Планировалось, что Мандель по просьбе Саутэма поручит врачам своей больницы сделать инъекции раковых клеток двадцати двум пациентам. Однако, когда Мандель стал инструктировать сотрудников, чтобы те делали инъекции, не сообщая пациентам о том, что в шприце раковые клетки, три молодых врача-еврея отказались, заявив, что не станут проводить исследования на пациентах без их согласия. Все трое знали об исследованиях, которые нацисты проводили на еврейских заключенных. Знали они и о знаменитом Нюрнбергском процессе.

 

Шестнадцатью годами ранее, 20 августа 1947 года, военный трибунал, возглавляемый США, заседавший в городе Нюрнберге в Германии, приговорил семь нацистских врачей к смертной казни через повешение. Их преступление состояло в проведении немыслимых опытов над евреями без их согласия — они пришивали братьев и сестер друг к другу, чтобы получить сиамских близнецов и резали живых людей, чтобы изучить работу внутренних органов.

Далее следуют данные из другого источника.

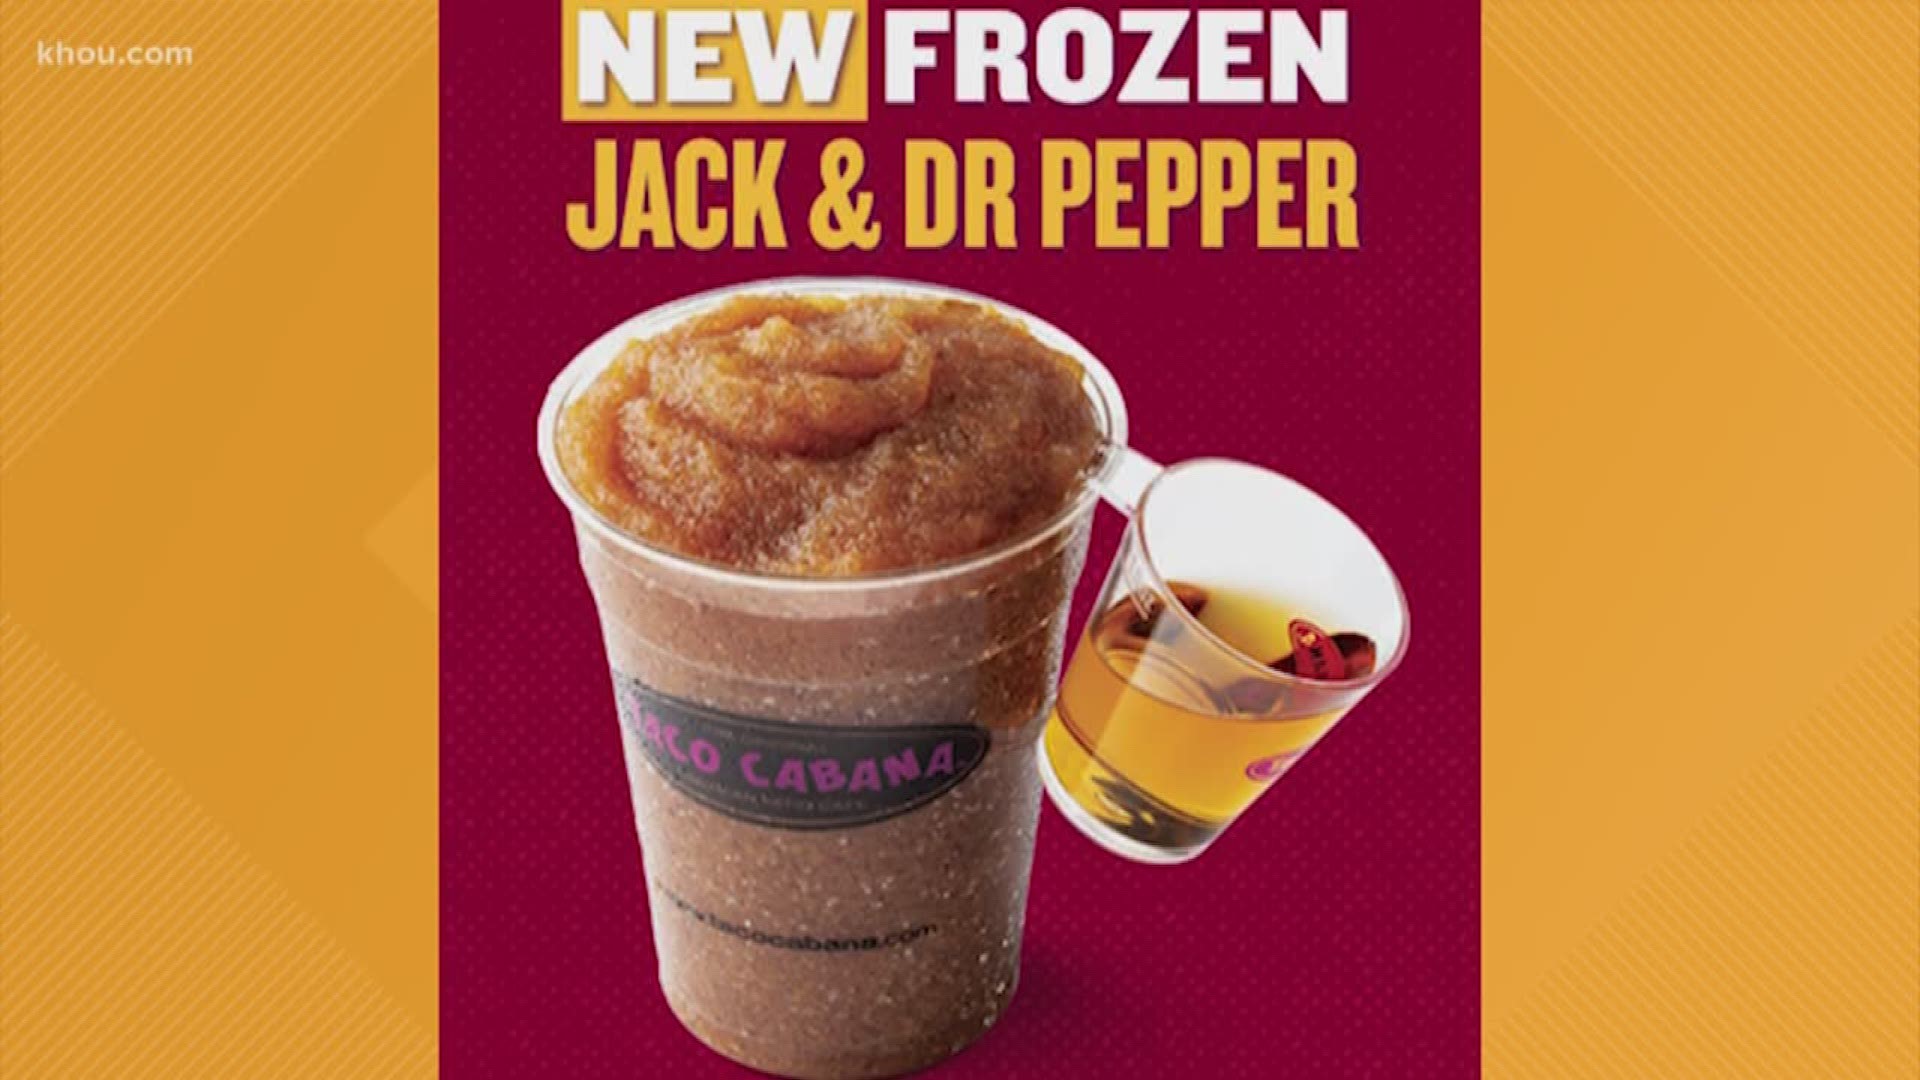 If you're 21 and over and looking to start your July off on the stronger side, Taco Cabana has a new menu item to kick off the month. You've probably heard of 'Jack and Coke,' but what about a frozen 'Jack and Dr. Pepper'? Well, the food chain is serving up exactly that! Starting Monday July 1, you can drop a few dollars on the alcoholic drink.

Трибунал сформулировал десять этических законов — так называемый нюрнбергский кодекс — для регламентирования всех экспериментов над людьми во всем мире. Первый закон кодекса гласил: «Добровольное согласие подопытного человека абсолютно необходимо». Это была революционная идея. Клятва Гиппократа, написанная в IV веке до н. э., не требовала согласия пациента. И хотя Американская медицинская ассоциация издала правила, защищающие лабораторных животных, еще в 1910 году, для людей подобных правил не существовало вплоть до Нюрнбергского процесса.

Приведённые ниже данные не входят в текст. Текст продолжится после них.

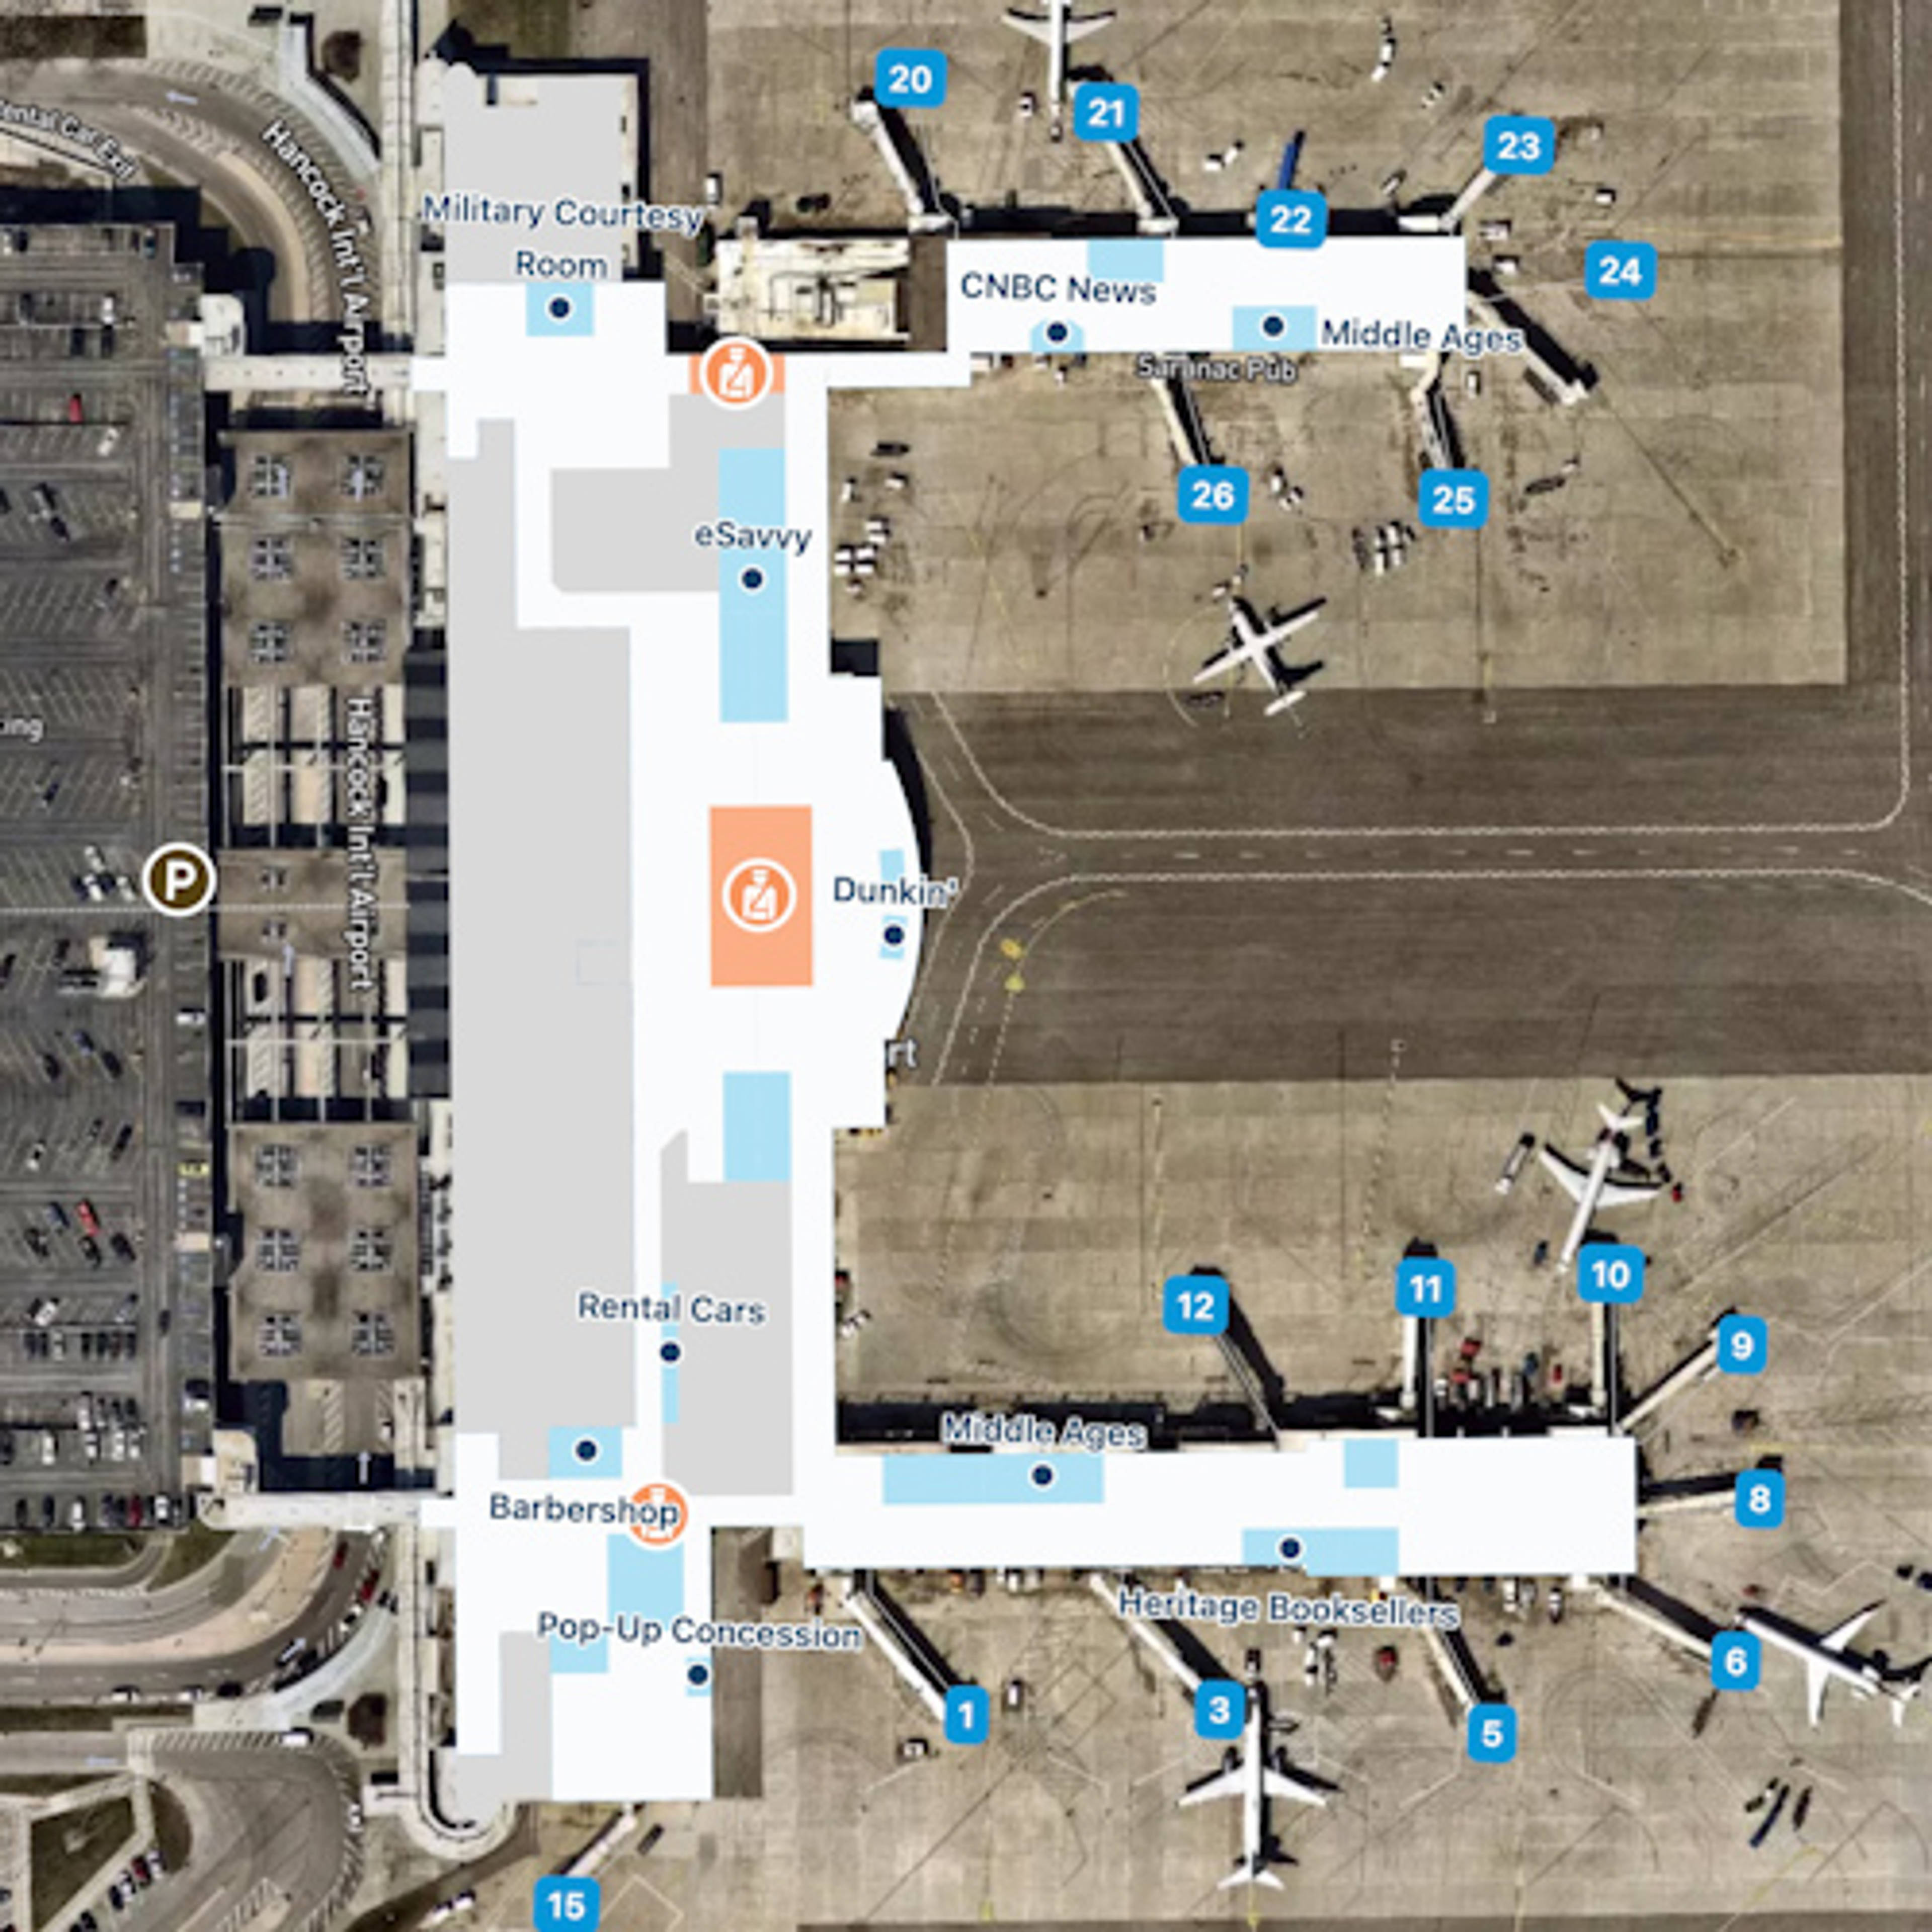 Syracuse Airport Map: Guide to SYR's Terminals

Однако нюрнбергский кодекс — подобно прочим кодексам, появившимся позже — не являлся законом. В сущности, он был списком рекомендаций. Его не преподавали в плановом порядке в медицинских учебных заведениях, и многие американские исследователи — включая Саутэма — заявляли, что не знают о его существовании. Те же, кто знал, зачастую считали его «кодексом для нацистов» — чем-то таким, что имеет отношение только к варварам и диктаторам, а не к американским врачам.

В 1954 году, когда Саутэм начал делать людям инъекции клеток HeLa, в США не существовало официального контроля над научными исследованиями. С начала XX века политики предлагали ввести законы на федеральном уровне и на уровне штатов с целью регламентации экспериментов над людьми, однако врачи и исследователи всегда выступали против. Подобные законопроекты многократно отвергались при голосовании из-за боязни помешать научному прогрессу, даже при том, что в других странах — включая, по иронии судьбы, и Пруссию — еще с 1891 года имелись законодательные нормы, регламентирующие опыты над людьми.

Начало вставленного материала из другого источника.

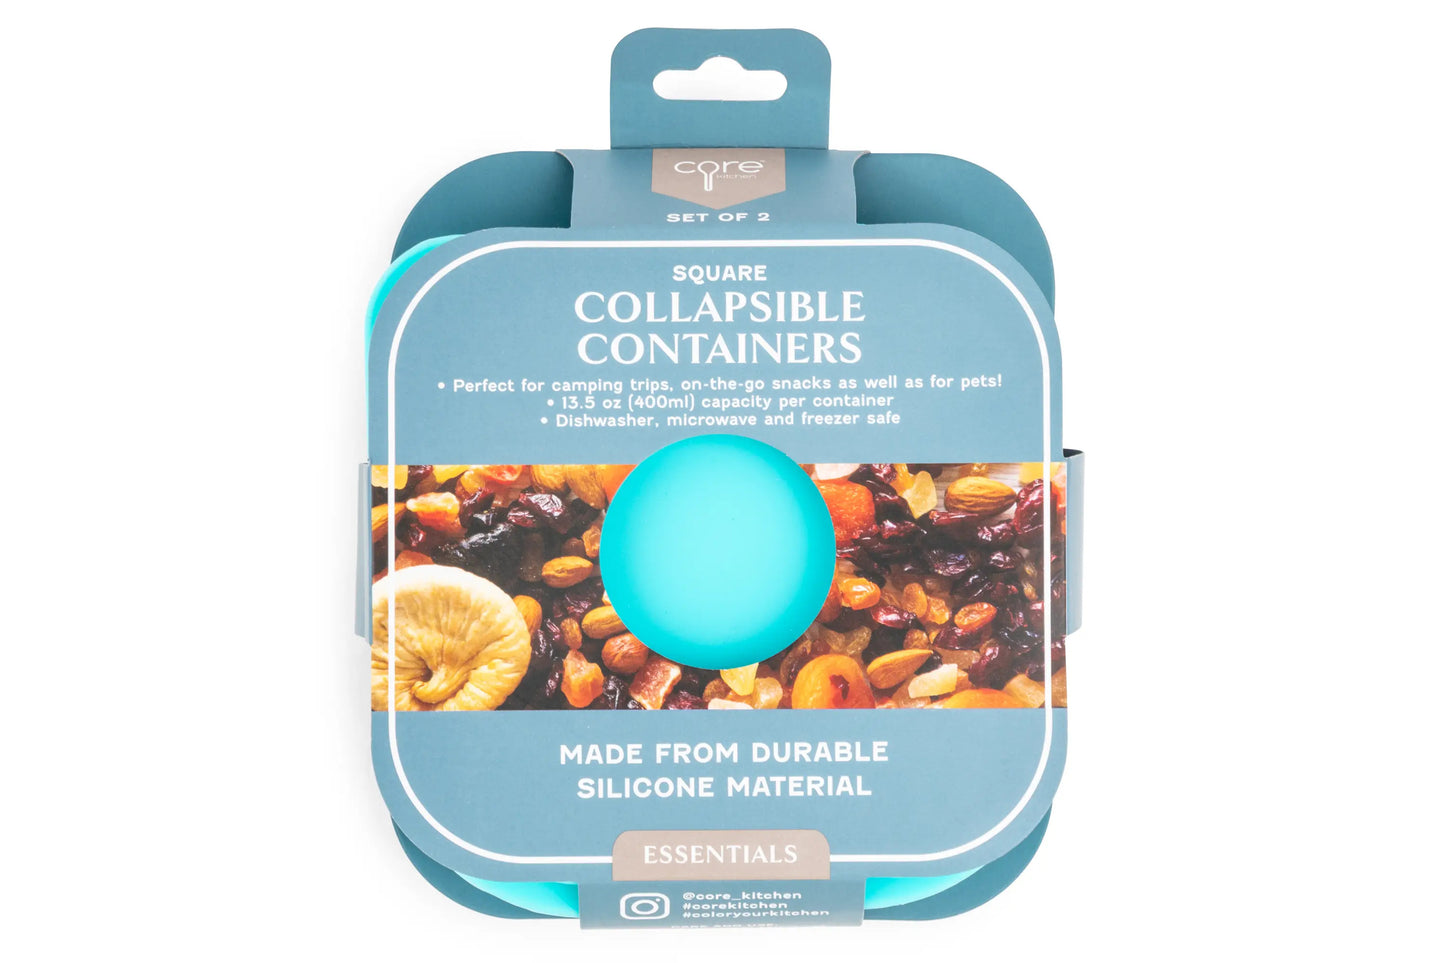 Square Collapsible Food Containers- 13.5oz

В США обязать ученого придерживаться этических норм научных исследований можно было только в гражданском суде. Только там адвокаты могли воспользоваться нюрнбергским кодексом, чтобы установить, действовал ли ученый в рамках этических норм своей профессии. Однако для того, чтобы привлечь исследователя к суду, требовались деньги, знание дела и, главное, знание того, что вас действительно использовали для исследований.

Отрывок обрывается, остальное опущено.